#### [About this exercise]
Please transcribe the data that follows exactly, from its first line through the line that contains "Gothic Purple And Black 3 Pcs Beddings".

#### [Exercise data]
++++++

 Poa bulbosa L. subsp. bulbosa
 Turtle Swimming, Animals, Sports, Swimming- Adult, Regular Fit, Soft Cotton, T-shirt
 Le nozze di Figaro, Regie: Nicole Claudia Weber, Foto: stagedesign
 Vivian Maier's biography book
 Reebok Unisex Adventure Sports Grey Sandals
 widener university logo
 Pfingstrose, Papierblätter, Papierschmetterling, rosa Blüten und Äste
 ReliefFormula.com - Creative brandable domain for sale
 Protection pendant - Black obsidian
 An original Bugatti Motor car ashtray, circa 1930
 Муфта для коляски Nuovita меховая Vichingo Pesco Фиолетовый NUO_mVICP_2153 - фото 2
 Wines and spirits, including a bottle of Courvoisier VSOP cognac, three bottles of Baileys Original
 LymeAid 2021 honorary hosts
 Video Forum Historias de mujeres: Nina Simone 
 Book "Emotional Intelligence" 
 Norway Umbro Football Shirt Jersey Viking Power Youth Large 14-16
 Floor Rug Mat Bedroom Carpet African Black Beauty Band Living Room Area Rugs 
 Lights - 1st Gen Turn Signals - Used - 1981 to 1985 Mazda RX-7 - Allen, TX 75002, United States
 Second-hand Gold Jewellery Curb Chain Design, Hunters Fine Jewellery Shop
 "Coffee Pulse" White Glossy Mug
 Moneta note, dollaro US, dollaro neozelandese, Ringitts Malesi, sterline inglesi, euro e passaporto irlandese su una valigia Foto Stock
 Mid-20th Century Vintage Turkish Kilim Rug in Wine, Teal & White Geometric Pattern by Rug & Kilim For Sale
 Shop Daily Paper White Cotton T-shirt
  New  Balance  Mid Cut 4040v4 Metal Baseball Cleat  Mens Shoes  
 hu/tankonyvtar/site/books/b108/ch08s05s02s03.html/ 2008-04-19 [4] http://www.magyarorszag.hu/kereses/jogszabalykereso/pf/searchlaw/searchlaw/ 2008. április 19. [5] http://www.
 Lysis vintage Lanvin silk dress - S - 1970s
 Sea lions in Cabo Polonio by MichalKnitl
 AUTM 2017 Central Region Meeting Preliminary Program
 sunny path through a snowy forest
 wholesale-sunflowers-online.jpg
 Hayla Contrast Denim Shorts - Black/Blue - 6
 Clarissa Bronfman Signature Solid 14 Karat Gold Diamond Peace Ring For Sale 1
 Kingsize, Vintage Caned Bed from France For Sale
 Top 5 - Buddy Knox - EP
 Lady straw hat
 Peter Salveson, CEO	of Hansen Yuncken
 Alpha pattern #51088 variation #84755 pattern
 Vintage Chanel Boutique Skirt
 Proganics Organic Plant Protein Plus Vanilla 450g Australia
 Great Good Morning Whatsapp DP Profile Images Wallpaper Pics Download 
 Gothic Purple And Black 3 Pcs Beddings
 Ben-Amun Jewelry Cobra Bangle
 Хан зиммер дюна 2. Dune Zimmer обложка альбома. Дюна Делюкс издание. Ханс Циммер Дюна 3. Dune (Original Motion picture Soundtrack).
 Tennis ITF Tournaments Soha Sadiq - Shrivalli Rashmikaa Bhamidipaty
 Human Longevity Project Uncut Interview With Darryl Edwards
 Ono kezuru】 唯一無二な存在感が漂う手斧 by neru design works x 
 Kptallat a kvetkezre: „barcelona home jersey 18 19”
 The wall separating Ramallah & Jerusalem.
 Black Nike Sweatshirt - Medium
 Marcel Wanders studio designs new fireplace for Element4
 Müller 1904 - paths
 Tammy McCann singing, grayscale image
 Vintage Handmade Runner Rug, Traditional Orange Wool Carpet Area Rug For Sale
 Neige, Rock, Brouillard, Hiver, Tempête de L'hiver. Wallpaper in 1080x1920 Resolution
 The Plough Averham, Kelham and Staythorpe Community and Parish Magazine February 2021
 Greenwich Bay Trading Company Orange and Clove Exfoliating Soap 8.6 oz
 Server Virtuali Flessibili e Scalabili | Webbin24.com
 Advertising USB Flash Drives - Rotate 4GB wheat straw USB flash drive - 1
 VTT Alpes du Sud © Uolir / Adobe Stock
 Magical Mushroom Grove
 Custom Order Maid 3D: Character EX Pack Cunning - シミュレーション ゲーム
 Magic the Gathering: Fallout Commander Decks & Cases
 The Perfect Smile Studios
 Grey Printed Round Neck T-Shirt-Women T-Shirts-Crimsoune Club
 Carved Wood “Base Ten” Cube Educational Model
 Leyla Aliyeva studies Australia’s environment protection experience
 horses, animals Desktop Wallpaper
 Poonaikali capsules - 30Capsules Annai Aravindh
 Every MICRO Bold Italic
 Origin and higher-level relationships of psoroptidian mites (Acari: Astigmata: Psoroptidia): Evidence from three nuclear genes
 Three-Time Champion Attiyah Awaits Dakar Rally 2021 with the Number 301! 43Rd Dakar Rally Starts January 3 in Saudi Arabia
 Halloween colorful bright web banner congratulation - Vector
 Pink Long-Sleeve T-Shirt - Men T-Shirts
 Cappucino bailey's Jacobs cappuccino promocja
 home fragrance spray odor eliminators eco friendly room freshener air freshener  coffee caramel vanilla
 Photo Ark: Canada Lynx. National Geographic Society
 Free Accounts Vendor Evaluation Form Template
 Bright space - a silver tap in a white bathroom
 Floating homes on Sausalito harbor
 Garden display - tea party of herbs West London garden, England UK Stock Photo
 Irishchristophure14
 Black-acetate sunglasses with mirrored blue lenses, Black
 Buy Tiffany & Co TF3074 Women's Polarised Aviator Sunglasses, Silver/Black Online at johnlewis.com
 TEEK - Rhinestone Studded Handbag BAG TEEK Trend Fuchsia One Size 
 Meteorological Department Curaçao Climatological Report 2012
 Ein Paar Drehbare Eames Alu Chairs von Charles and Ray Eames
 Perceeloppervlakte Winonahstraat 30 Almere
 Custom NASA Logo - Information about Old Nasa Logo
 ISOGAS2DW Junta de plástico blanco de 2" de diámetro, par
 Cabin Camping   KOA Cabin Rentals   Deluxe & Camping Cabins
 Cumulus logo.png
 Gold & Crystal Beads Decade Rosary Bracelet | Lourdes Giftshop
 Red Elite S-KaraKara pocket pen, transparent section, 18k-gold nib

++++++

#### [Your response]
 Poa bulbosa L. subsp. bulbosa
 Turtle Swimming, Animals, Sports, Swimming- Adult, Regular Fit, Soft Cotton, T-shirt
 Le nozze di Figaro, Regie: Nicole Claudia Weber, Foto: stagedesign
 Vivian Maier's biography book
 Reebok Unisex Adventure Sports Grey Sandals
 widener university logo
 Pfingstrose, Papierblätter, Papierschmetterling, rosa Blüten und Äste
 ReliefFormula.com - Creative brandable domain for sale
 Protection pendant - Black obsidian
 An original Bugatti Motor car ashtray, circa 1930
 Муфта для коляски Nuovita меховая Vichingo Pesco Фиолетовый NUO_mVICP_2153 - фото 2
 Wines and spirits, including a bottle of Courvoisier VSOP cognac, three bottles of Baileys Original
 LymeAid 2021 honorary hosts
 Video Forum Historias de mujeres: Nina Simone 
 Book "Emotional Intelligence" 
 Norway Umbro Football Shirt Jersey Viking Power Youth Large 14-16
 Floor Rug Mat Bedroom Carpet African Black Beauty Band Living Room Area Rugs 
 Lights - 1st Gen Turn Signals - Used - 1981 to 1985 Mazda RX-7 - Allen, TX 75002, United States
 Second-hand Gold Jewellery Curb Chain Design, Hunters Fine Jewellery Shop
 "Coffee Pulse" White Glossy Mug
 Moneta note, dollaro US, dollaro neozelandese, Ringitts Malesi, sterline inglesi, euro e passaporto irlandese su una valigia Foto Stock
 Mid-20th Century Vintage Turkish Kilim Rug in Wine, Teal & White Geometric Pattern by Rug & Kilim For Sale
 Shop Daily Paper White Cotton T-shirt
  New  Balance  Mid Cut 4040v4 Metal Baseball Cleat  Mens Shoes  
 hu/tankonyvtar/site/books/b108/ch08s05s02s03.html/ 2008-04-19 [4] http://www.magyarorszag.hu/kereses/jogszabalykereso/pf/searchlaw/searchlaw/ 2008. április 19. [5] http://www.
 Lysis vintage Lanvin silk dress - S - 1970s
 Sea lions in Cabo Polonio by MichalKnitl
 AUTM 2017 Central Region Meeting Preliminary Program
 sunny path through a snowy forest
 wholesale-sunflowers-online.jpg
 Hayla Contrast Denim Shorts - Black/Blue - 6
 Clarissa Bronfman Signature Solid 14 Karat Gold Diamond Peace Ring For Sale 1
 Kingsize, Vintage Caned Bed from France For Sale
 Top 5 - Buddy Knox - EP
 Lady straw hat
 Peter Salveson, CEO	of Hansen Yuncken
 Alpha pattern #51088 variation #84755 pattern
 Vintage Chanel Boutique Skirt
 Proganics Organic Plant Protein Plus Vanilla 450g Australia
 Great Good Morning Whatsapp DP Profile Images Wallpaper Pics Download 
 Gothic Purple And Black 3 Pcs Beddings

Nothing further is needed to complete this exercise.